La Turquie, pour l’UE, doit rester un simple allié, accueillir les bases de l’OTAN et ouvrir son ciel aux bombardiers de l’«ingérence démocratique», en mission civilisatrice au Moyen-Orient. Elle doit rester un simple gardien des frontières orientales de la «Citadelle», contre ces barbares modernes, les «émigrés illégaux» et les «terroristes islamistes».

La Turquie est, pour l’UE, un territoire tampon. La Méditerranée de Nicolas Sarkozy aussi! Car le destin de la «Mer blanche du milieu» est d’être, dans les années à venir, une infranchissable frontière, un immense nouveau limes séparant entre l’opulence et la pauvreté, la modernité et l’archaïsme, la démocratie et l’autoritarisme. Le danger vient du Sud: interdisons-lui de se transporter chez nous; unissons-nous à lui mais dans la différence. Egaux mais séparés. En même temps que se préparait le sommet de l’Union pour la Méditerranée (UPM), le Conseil de l’Europe approuvait le «Pacte européen pour l’immigration», proposé par la «France méditerranéenne» de Sarkozy.

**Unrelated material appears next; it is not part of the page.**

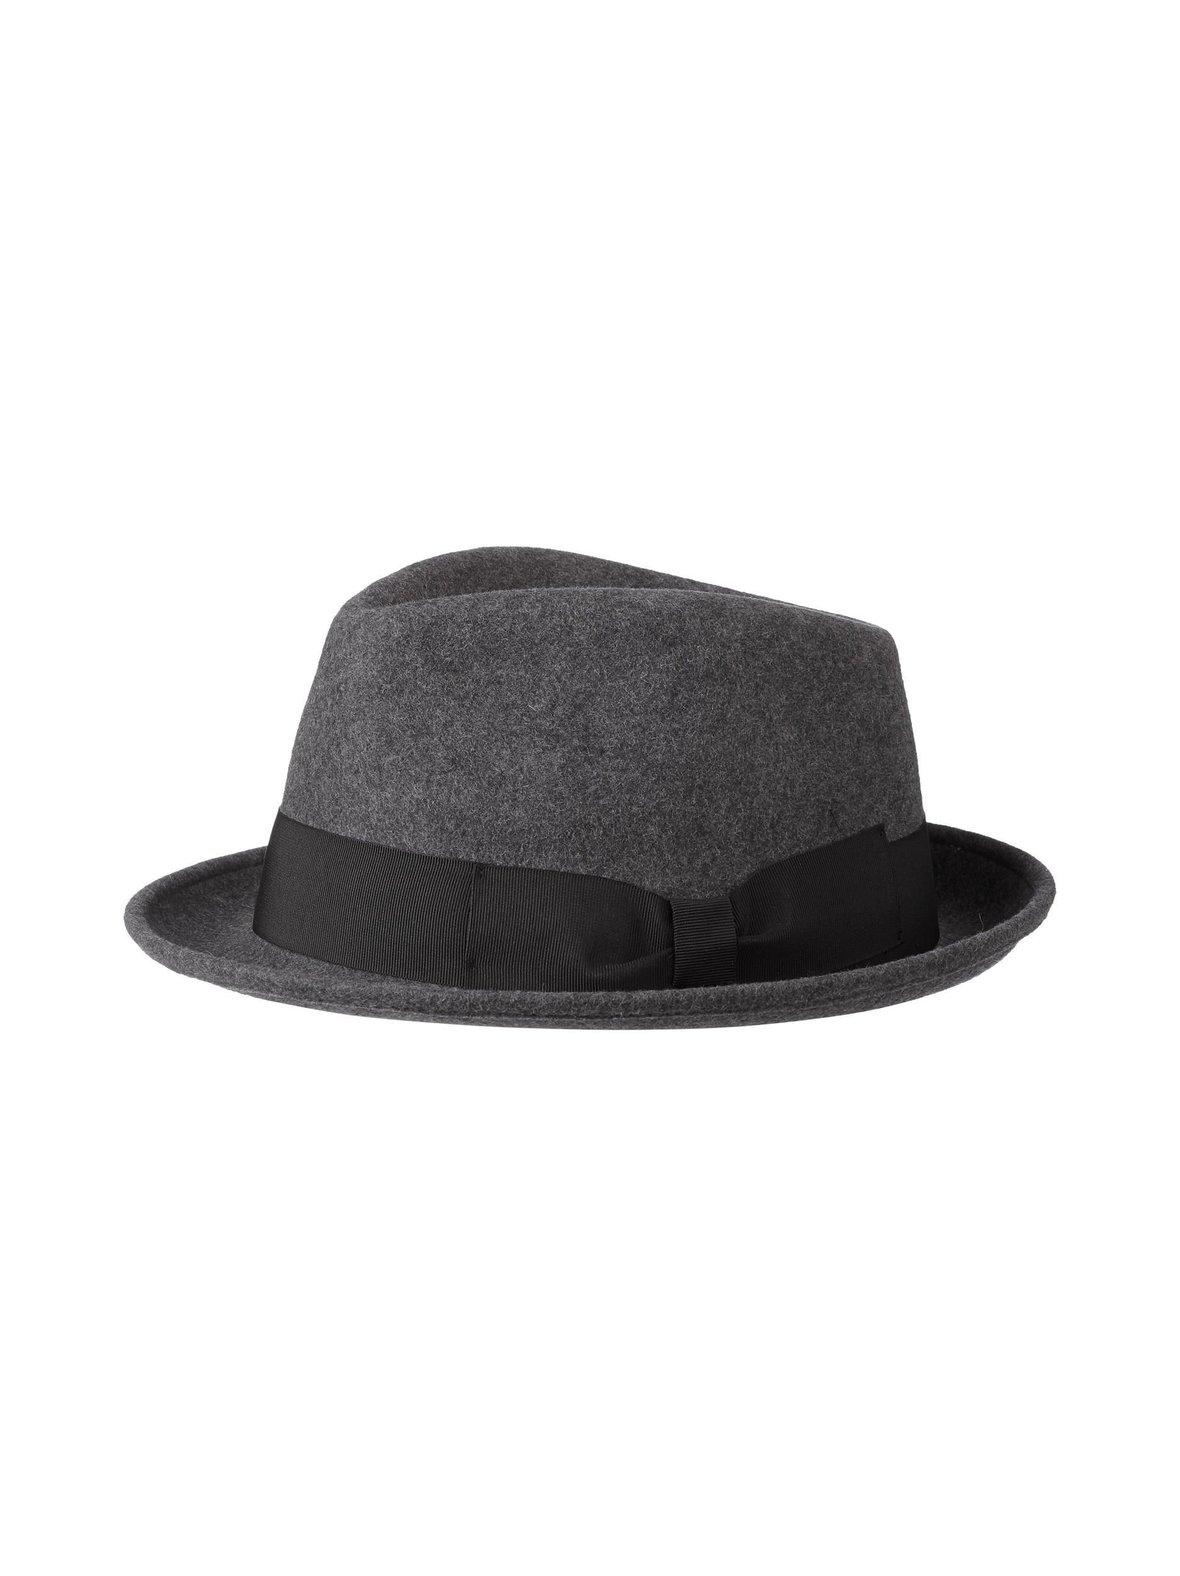 Grey (harmaa) KN Collection Claus-hattu CLAUS  3ac6a8fa11
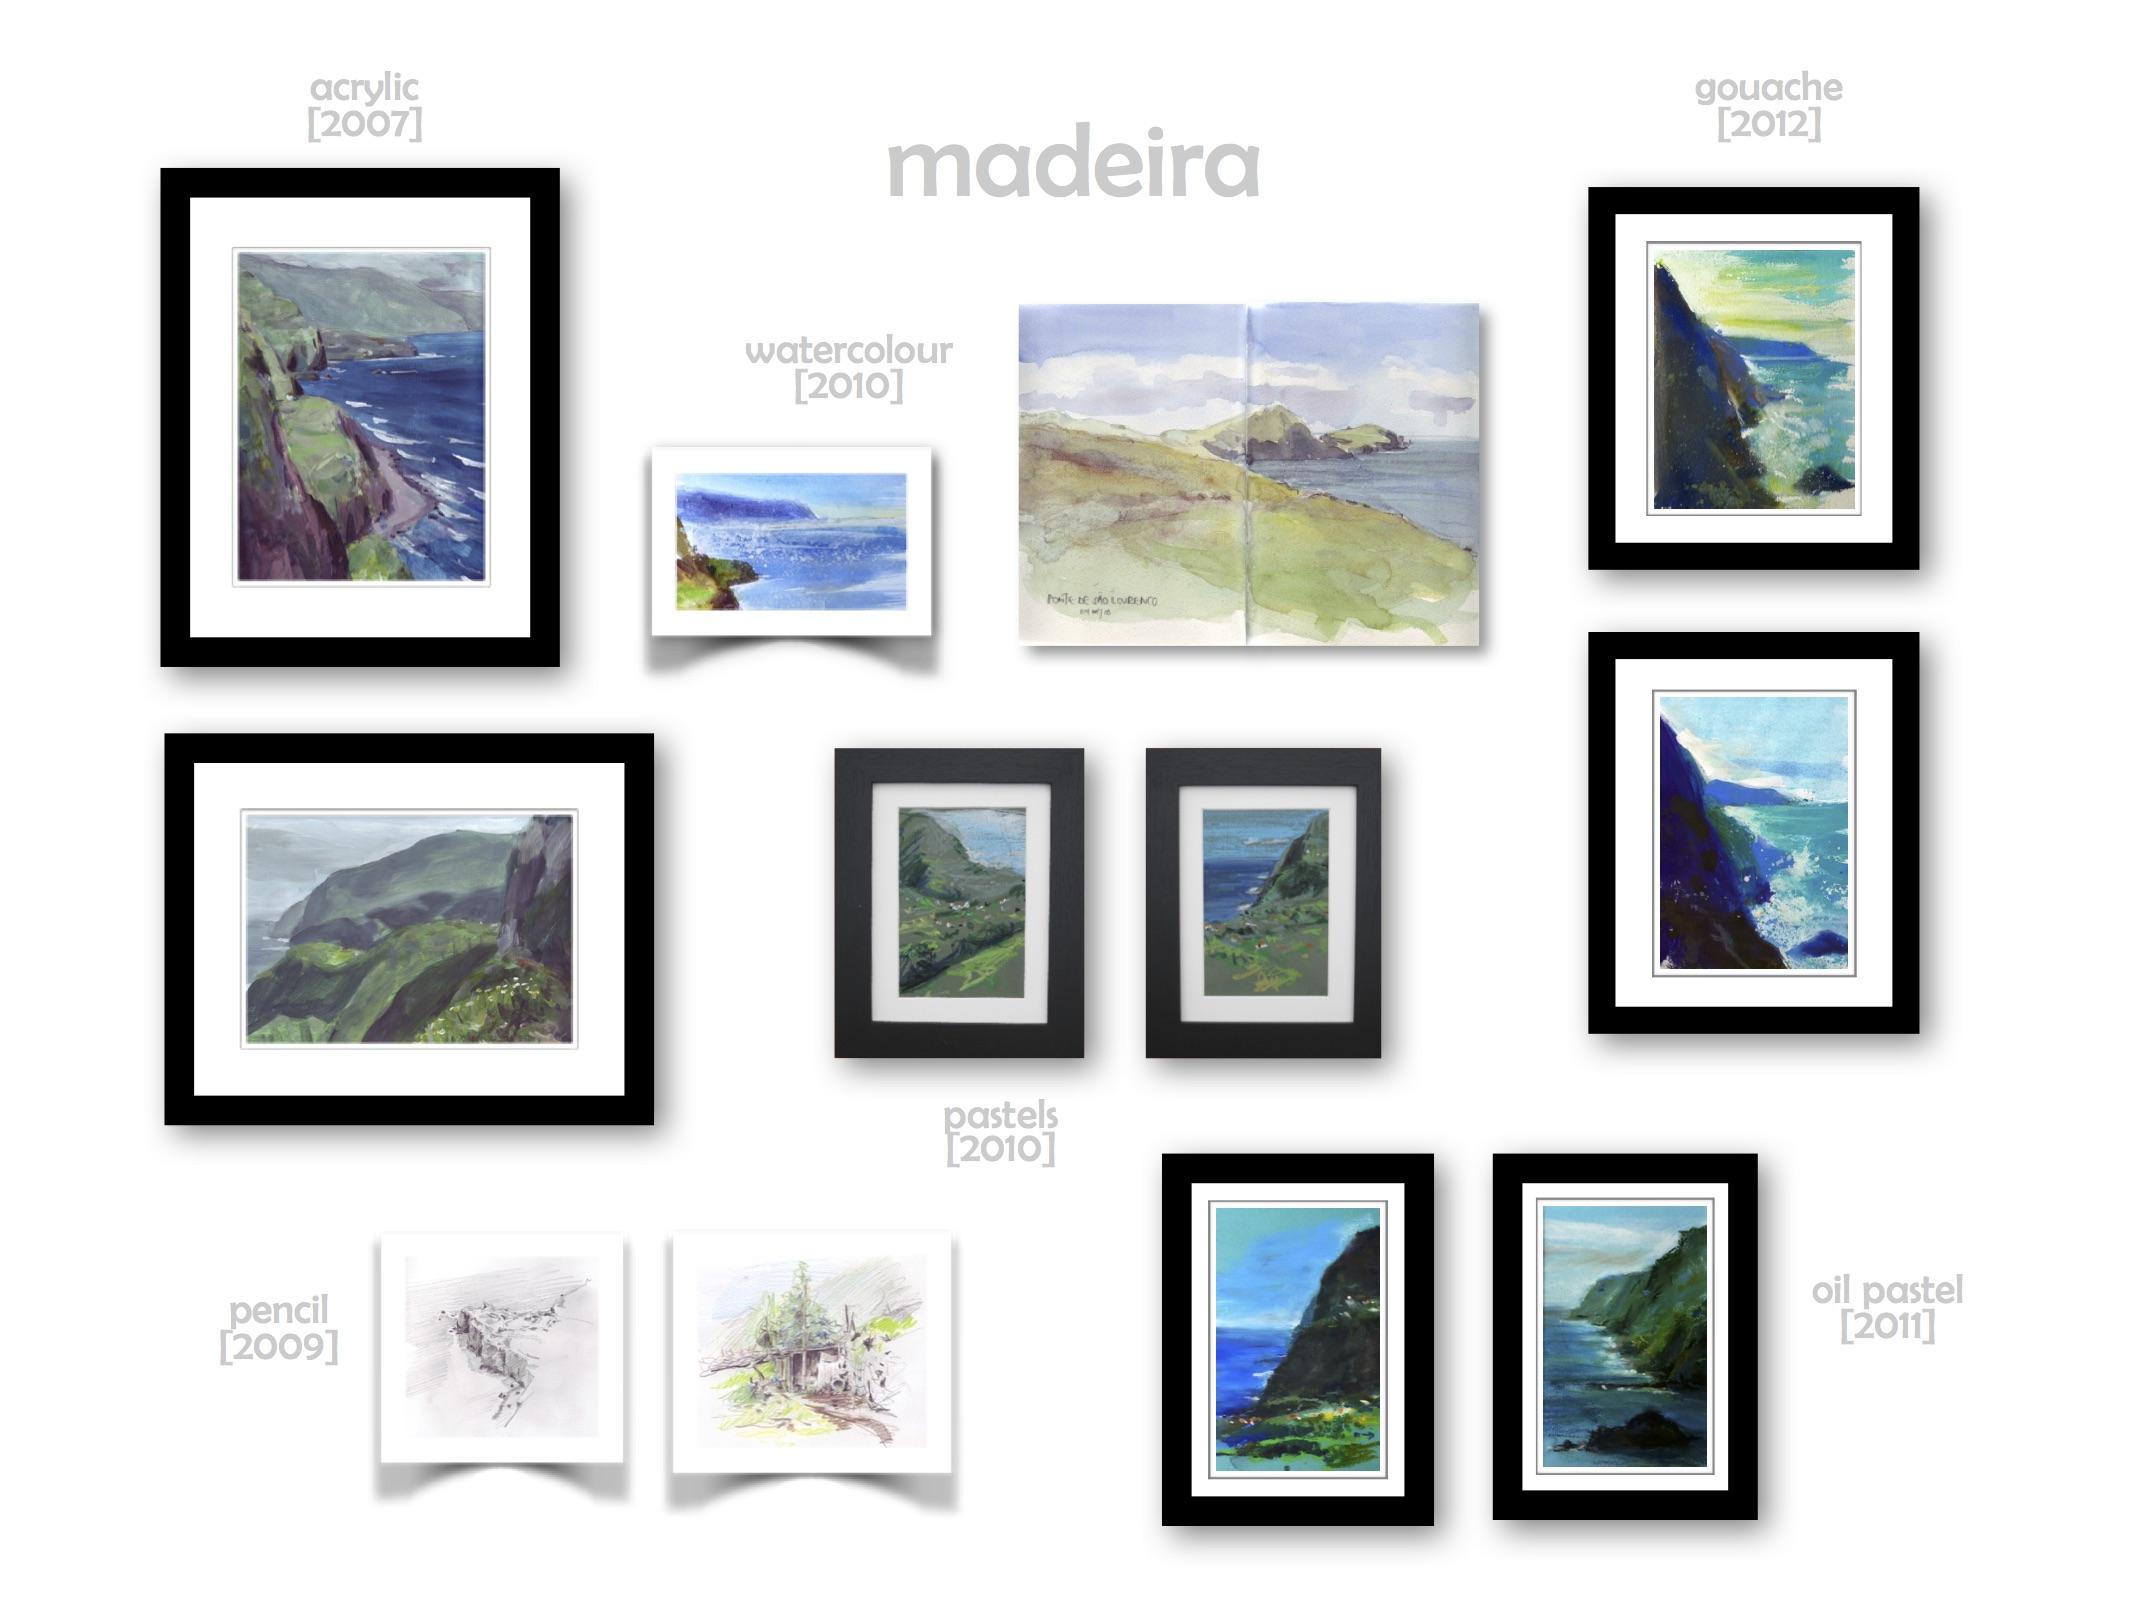 Web Gallery - Madeira

Parmi les objectifs de ce pacte figurent en bonne place la «lutte contre l’immigration illégale, notamment en assurant le retour dans leur pays d’origine ou vers un pays de transit, des étrangers en situation irrégulière» et, bien sûr, le «renforcement des contrôles aux frontières». La France a échoué à convaincre les Etats européens de renoncer aux «régularisations massives des immigrés illégaux». Mais elle leur a tout de même arraché le ferme engagement à «se limiter à des régularisations au cas par cas, […] pour des motifs humanitaires et économiques».

La «gestion des flux migratoires» est un souci majeur pour l’UE. Et puisque l’UE a endossé les généreux projets du président français, elle sera une des préoccupations centrales de l’UPM. Un «Pacte méditerranéen pour l’immigration» n’est pas à exclure. Les Etats de la Méditerranée du Sud et de l’Est sont déjà les gendarmes bénévoles de l’Europe. Et c’est pour l’Europe un inestimable avantage qu'ils soient dirigés par Hosni Moubarak, Zine El Abidine Ben Ali ou Abdelaziz Bouteflika…. Ces vieux autocrates se réjouiront de durcir leurs législations anti-migratoires, déjà très sévères, pourvu que l’Europe les voie d’un bon œil, pourvu qu’elle les aide à continuer de gouverner.

L’Union méditerranéenne entre les «vieilles démocraties» du Nord et les «vieilles autocraties» du Sud est ainsi en marche. Sur ce «lac de paix» qu’est la Méditerranée, les barques des harraga ne pourront plus naviguer. Elles devront chercher ailleurs où s’échouer.